Gu Shen berkata dengan tenang, “Keluarga Zhao sangat berpengaruh dan terlibat dalam banyak bisnis. Biasanya tidak ada yang perlu mereka sembunyikan. Zhao Qi bisa saja dengan percaya diri menjalankan bisnisnya di mana saja, namun ia memilih untuk bertemu di Kota Tua. Satu-satunya penjelasan adalah ia ingin menghindari pandangan orang. Kurasa orang yang ia temui adalah seseorang yang tidak bisa terlihat di depan umum. Jika keluarga Zhao mengetahuinya, itu bisa menimbulkan banyak masalah.”
“Jadi… meskipun diserang, dia tidak berani menggunakan terlalu banyak sumber daya, setidaknya bukan milik keluarga Zhao. Dengan Cui Zhongcheng di depan dan Nyonya Lu di belakang, setiap gerakannya diawasi. Jika kejadian di Kota Tua tadi malam menarik perhatian kedua orang ini, dia akan berada dalam masalah besar.”
“Kesimpulannya, setelah pemukulan ini… dia hanya bisa menelan amarahnya dan menanggungnya.”
Setelah dia selesai berbicara, ekspresi Song Ci berubah dari tercengang menjadi kekaguman yang tulus.
Dia bertepuk tangan dan berkata dengan sungguh-sungguh, “Sekarang aku mengerti apa yang dikatakan Lu Tua di masa lalu itu benar… Para preman tidak menakutkan, tetapi preman yang berpendidikanlah yang menakutkan. Saudara Gu, bahkan ketika kau memukul seseorang, kau mempertimbangkan dengan matang sebelum bertindak. Kau benar-benar teladan bagi kami.”
Di wajah Crow tertulis kata-kata ‘Aku bukan hooligan sebenarnya. Saudara Gu, kaulah hooligan sebenarnya.’

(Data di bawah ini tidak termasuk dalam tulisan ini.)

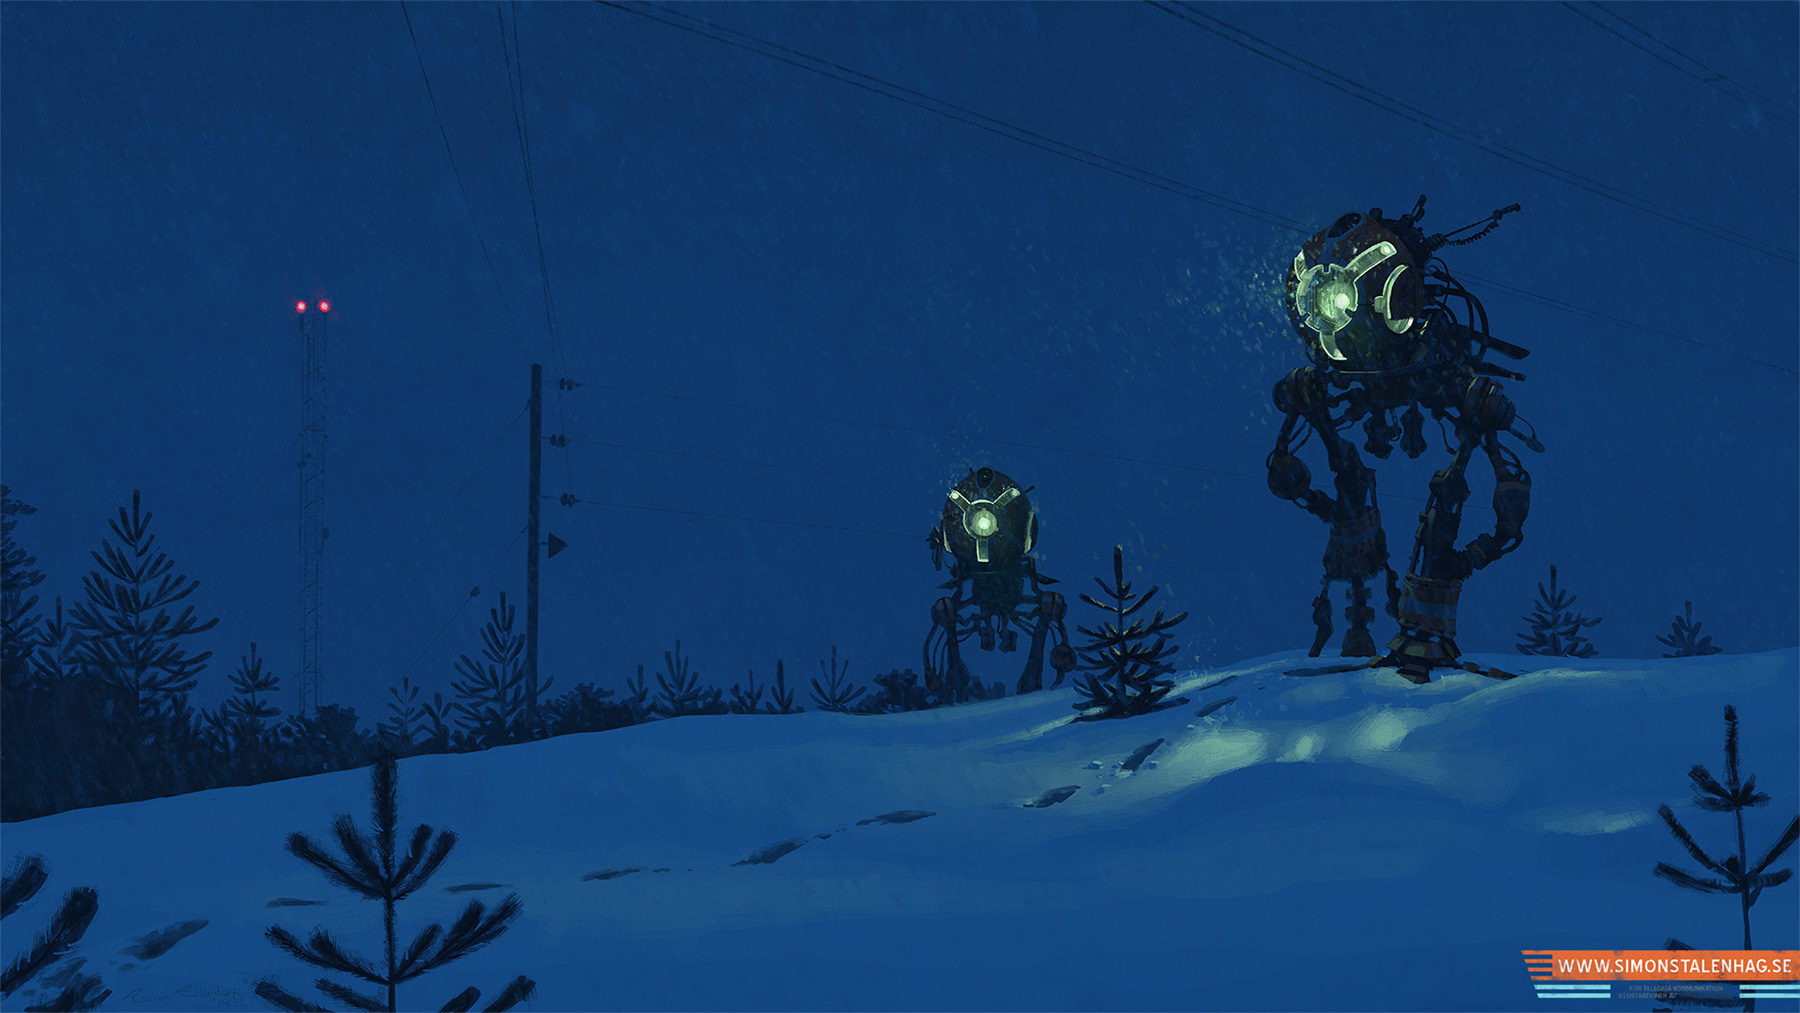 Black Hole Animated Wallpaper Concept Robots December 2014

“Bagaimanapun juga…” Gu Shen mengganti topik pembicaraan. “… coba bayangkan dirimu berada di posisi Zhao Qi. Seorang playboy pengangguran yang biasanya berkeliaran di kota tiba-tiba pergi ke Kota Tua untuk bertemu seseorang yang tidak bisa dilihat di depan umum. Menurutmu apa yang sedang dia lakukan?”
Song Ci langsung menjadi waspada.
Dia termenung dan memikirkan dua hal.
Pertama-tama, dia telah memukul Chen Jingtan, menyebabkan kesepakatan bisnis Zhao Qi gagal. Zhao Qi adalah orang yang pendendam. Bahkan jika Nyonya menekan situasi untuk saat ini, itu hanya akan bersifat permukaan. Zhao Qi pasti akan mengejarnya pada akhirnya.
Hal kedua adalah… jejak mental yang ditanamkan pada Nyonya oleh seseorang yang dekat dengannya. Setelah Crow memikirkannya, Zhao Qi kemungkinan besar adalah pelakunya.
“Zhao Qi menjalani kehidupan yang sederhana. Dia tidak berguna dan hampir tidak membutuhkan privasi.”
Gu Shen juga merenung, matanya dipenuhi kebingungan. Dia bertanya pelan, “Tapi jika si lumpur tak berguna ingin melewati tembok, seseorang harus membantunya. Siapakah orang itu?”